India has a young demographic with 25 per cent of its population between 18-25 years that amounts to around 30 crores of youth that are looking for suitable job opportunities. The country should aim for more job creation and formalisation of job to protect its young population and provide them the job security.
However, Kaur argues that there is unemployment and job loss is only increasing. ILO estimates that 90 per cent of India's workforce is in the informal sector. "Due to neo-economic model there is formalisation of informal work and that is becoming a serious agenda in the country," she says.
The government is trying several labour lab reforms and codification. Kaur argues that the reforms are actually contradictory to what's required by the country.
The government in the last budget incorporated Fixed Term Employment Workman category under the Industrial Employment (Standing Orders) Act, 1946, which means that industries across sectors can employ workers on contract. Earlier the provision was available only for apparel manufacturing sector and now it is extended to all sectors.
"We should try to include the workforce that is left out from the labour laws but this new scenario rather promoting exclusiveness instead of inclusiveness," she says. Rise of contract work increases job insecurity, exploitation of labour, also they are paid less than regular workers and are not protected.

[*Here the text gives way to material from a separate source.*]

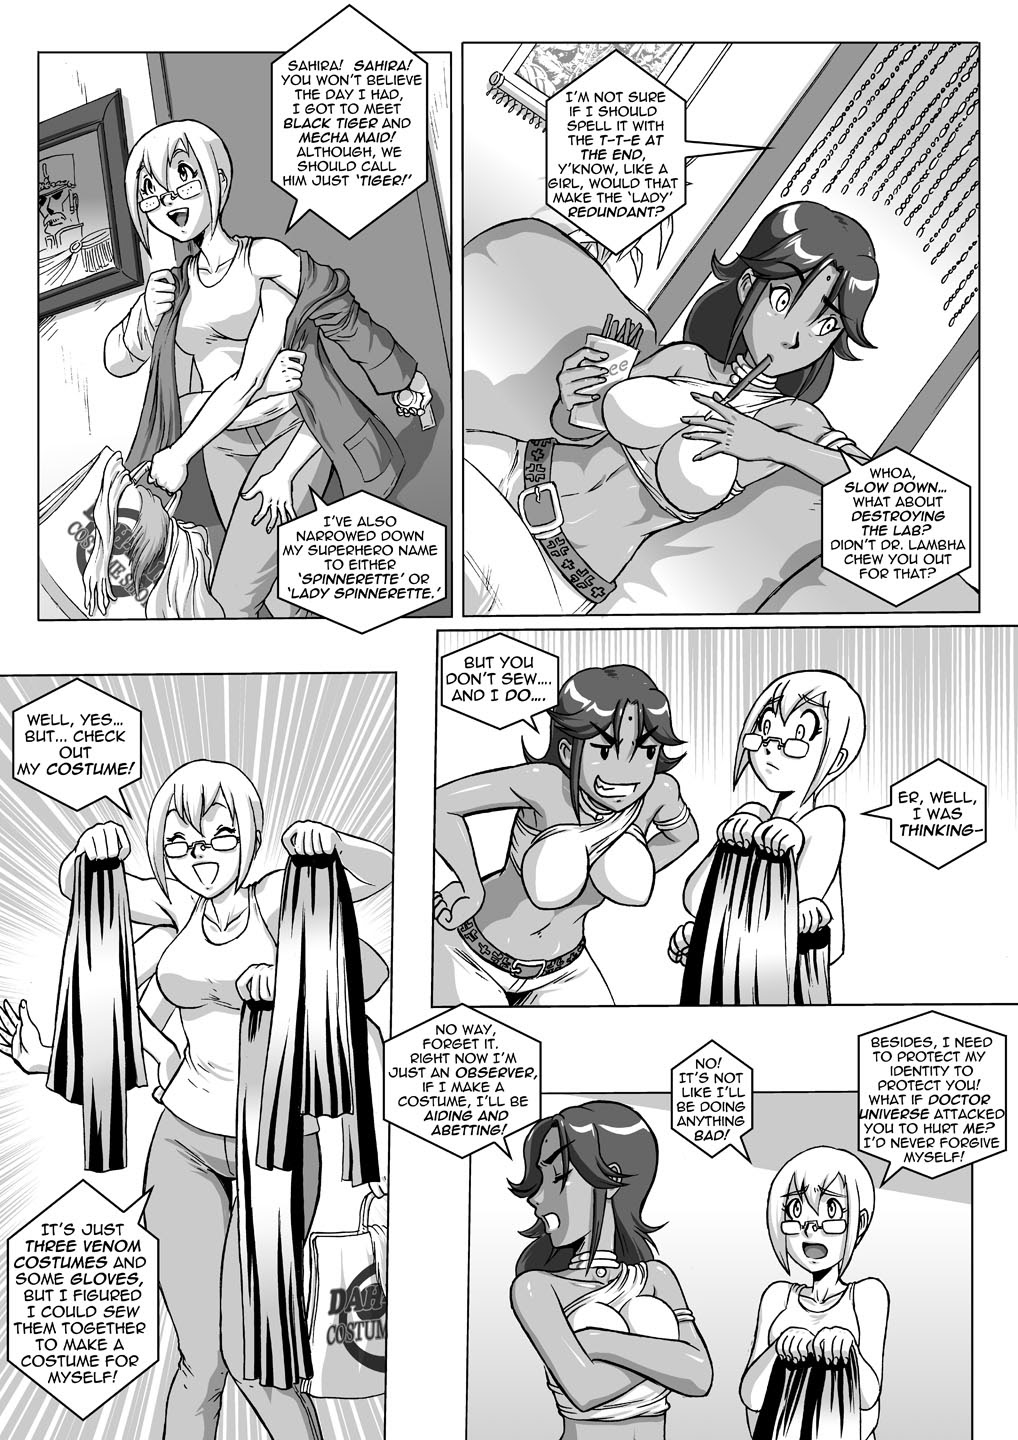 Read online Spinnerette comic -  Issue #1 - 17

She adds that even the government jobs in the country have been steadily decreasing. As per reports, she says, there are 60 lakh vacant job positions in the government across various central and state governments. "Instead of regular recruitment they are hiring on contract basis or work itself is being outsourced. If government itself will promote indecent work, how will they control private sector?" Several reports confirm that government jobs are declining since the last decade.
Outsourcing and contract work is a norm in the developed world but often these countries have an unemployment allowance or a job security scheme for its citizens which India doesn't have.
Kaur was speaking at the release of the third five-year 'Decent Work Country Programme' (DWCP) 2018-2022 by ILO India that outlines how the government, worker and employer organisations should work together to ensure a progressive and just future of work for all.